I wanted to send you a quick note asking you to take some time covering the first UN sanctioned World Down syndrome day on March 21st, 2012. There is a civil rights movement going on for people with Down syndrome (and other disabilities) that is an amazing once-in-a-lifetime occurance. It is unfolding before our very eyes, and with the United Nations jumping on board it is a perfect excuse to showcase how far people with DS have come, what exceptional things people with DS are accomplishing, and the bright future just around the corner.

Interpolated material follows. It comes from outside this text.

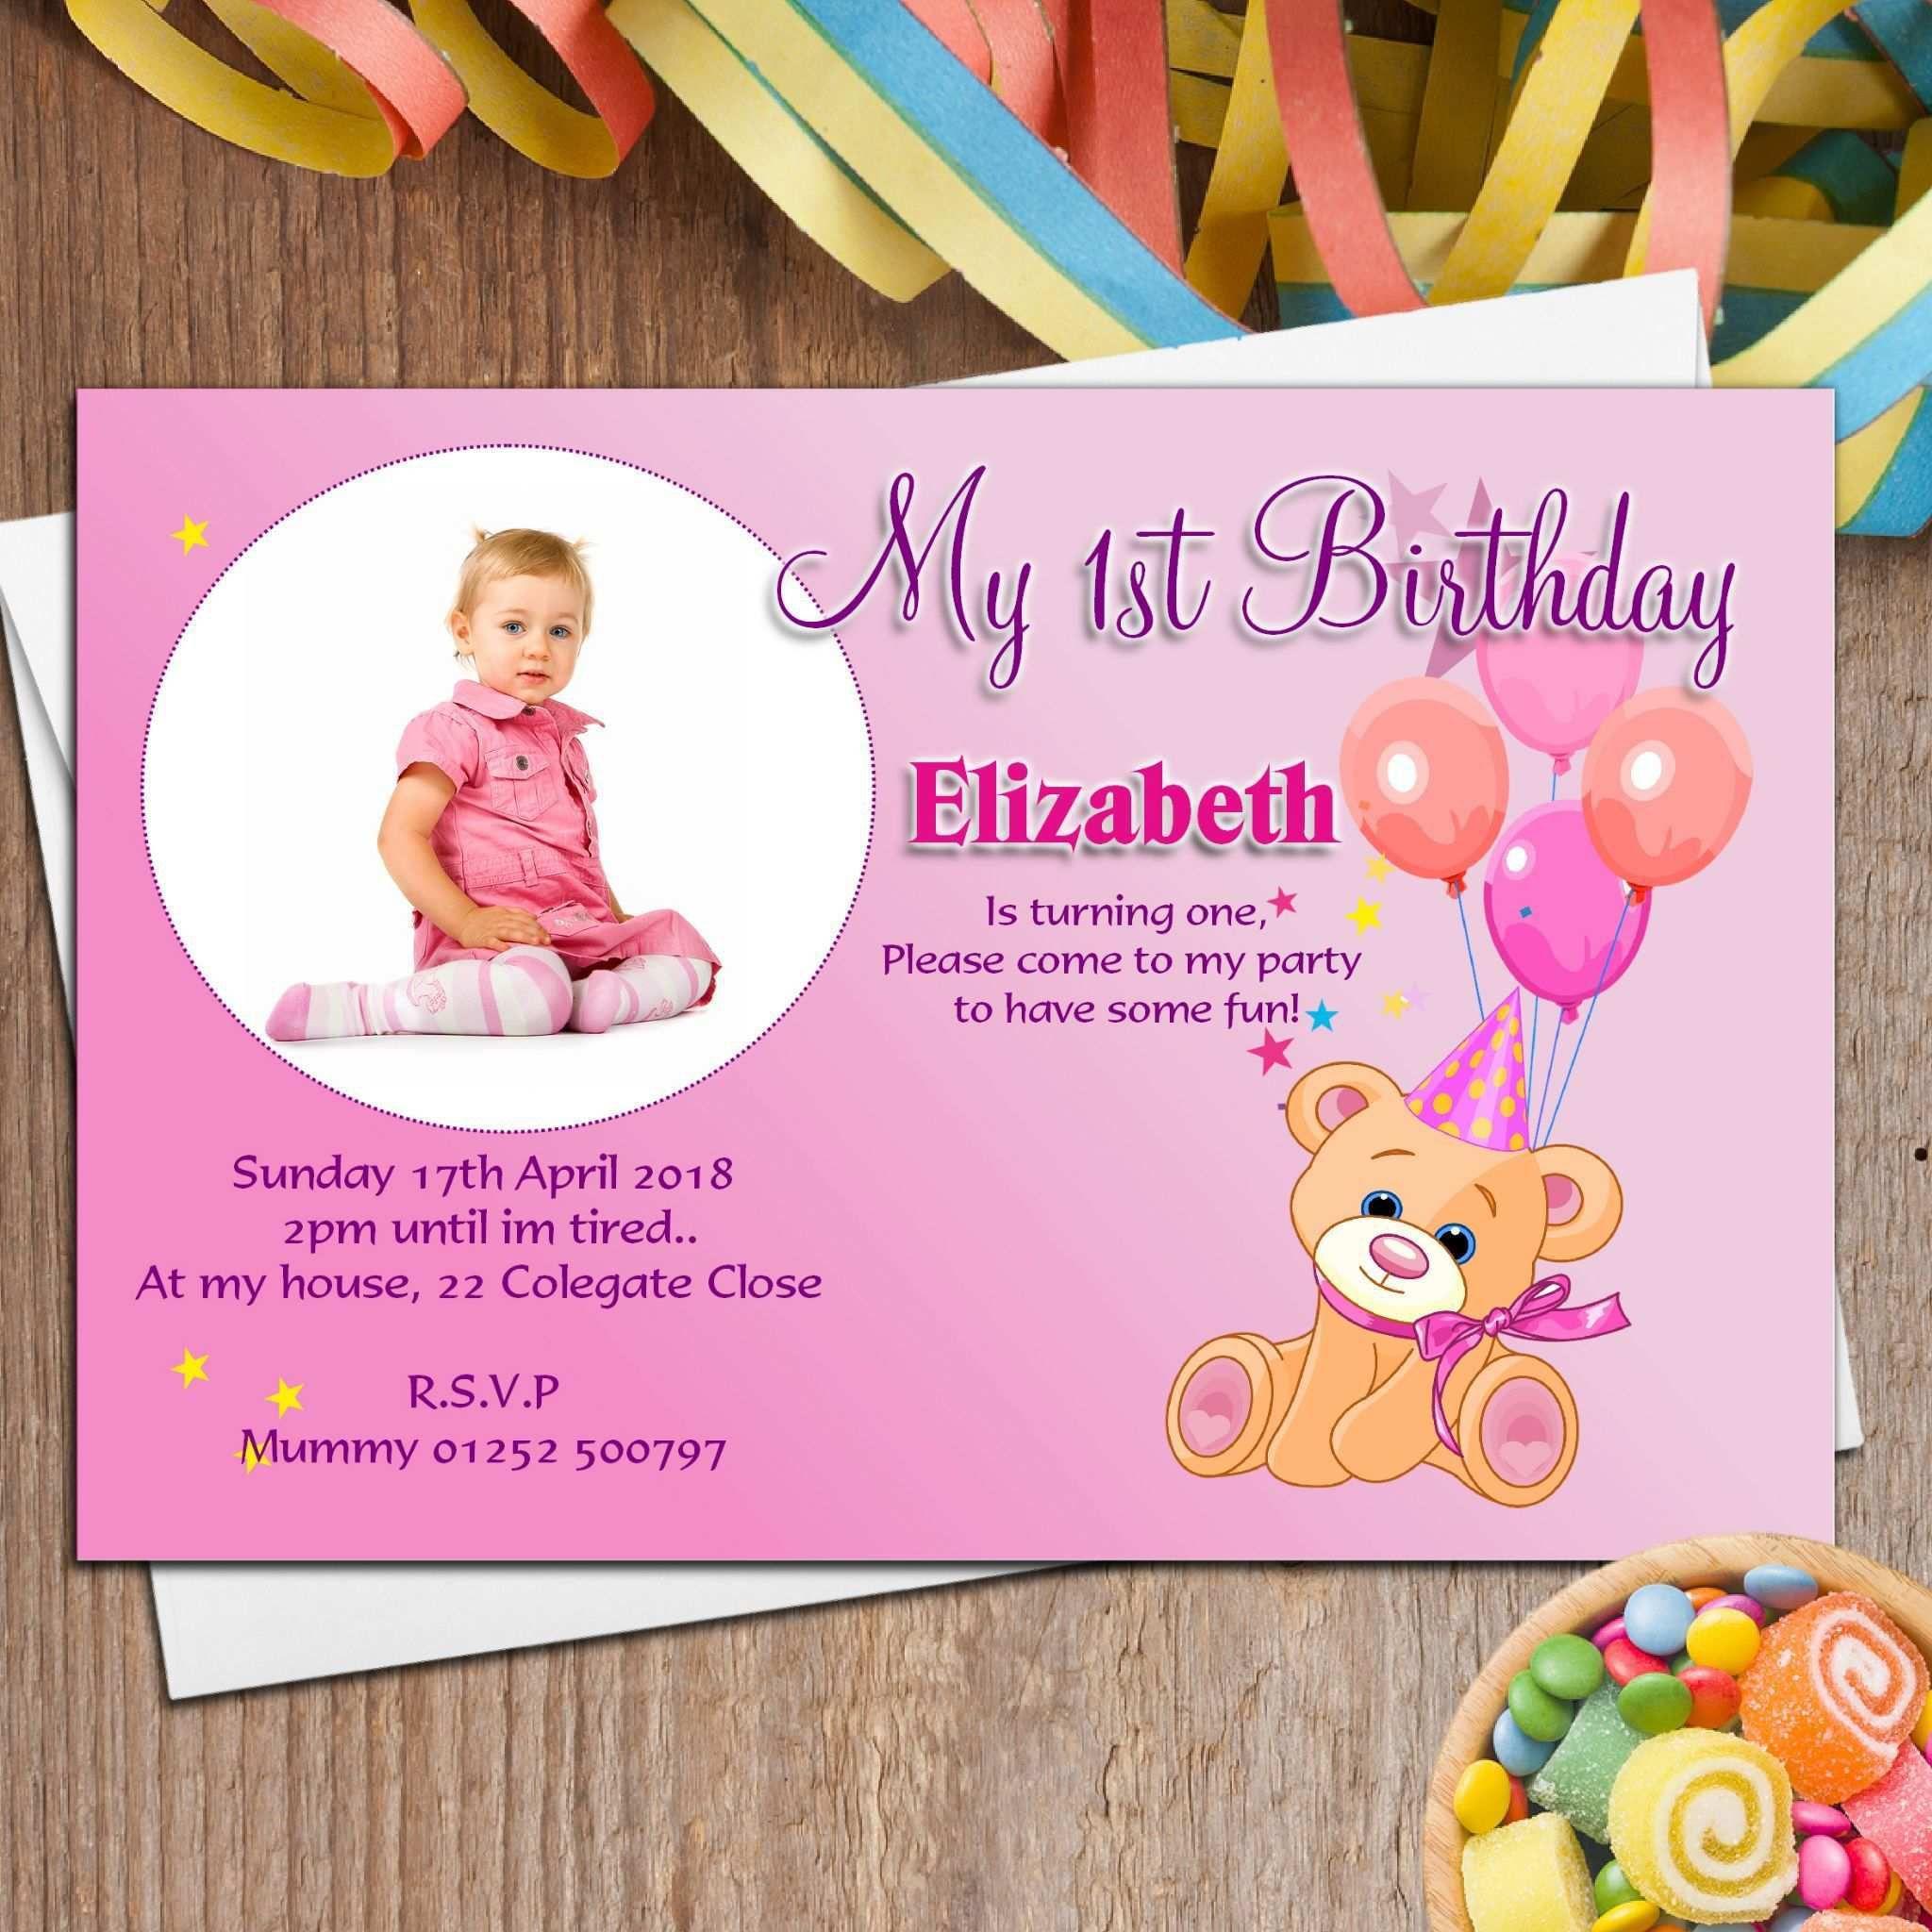 006 Astounding Birthday Invitation Card Word Format Design  Template FreeFull

When my daughter was born with a surprise diagnosis of Down syndrome I was in a state of shock like a drunken stupor. Quickly thereafter, the nurse started piling on all of the medical problems she would be prone to having and all the things she could never have or do (never drive a car or get a job, never have private health insurance, never own a house, never get married or have children). These were insurmountable challenges for a first-time father. (When the nurse started to tell me she would be forced on to Medicaid because insurances could discriminate against her and thus she would be forced into poverty to qualify for Medicaid I was in disbelief – this was not the America I was born and raised in. And from that very conversation forward, I committed myself to seeing Brianna’s civil rights restored to the status of an ordinary American.
In the last generation there have been mazing transformations in the quality of life for people with DS. In the 1980’s their expected lifespan was 25 years, today it is about 65 years (amazing). Just thirty years ago they were locked in institutions like criminals and today they often are in classrooms and jobs alongside typical peers. People with DS hold jobs, are actors (Lauren Potter comes to mind), get Married (Monica and David is a documentary movie on the topic), drive cars, and even go to college and own businesses.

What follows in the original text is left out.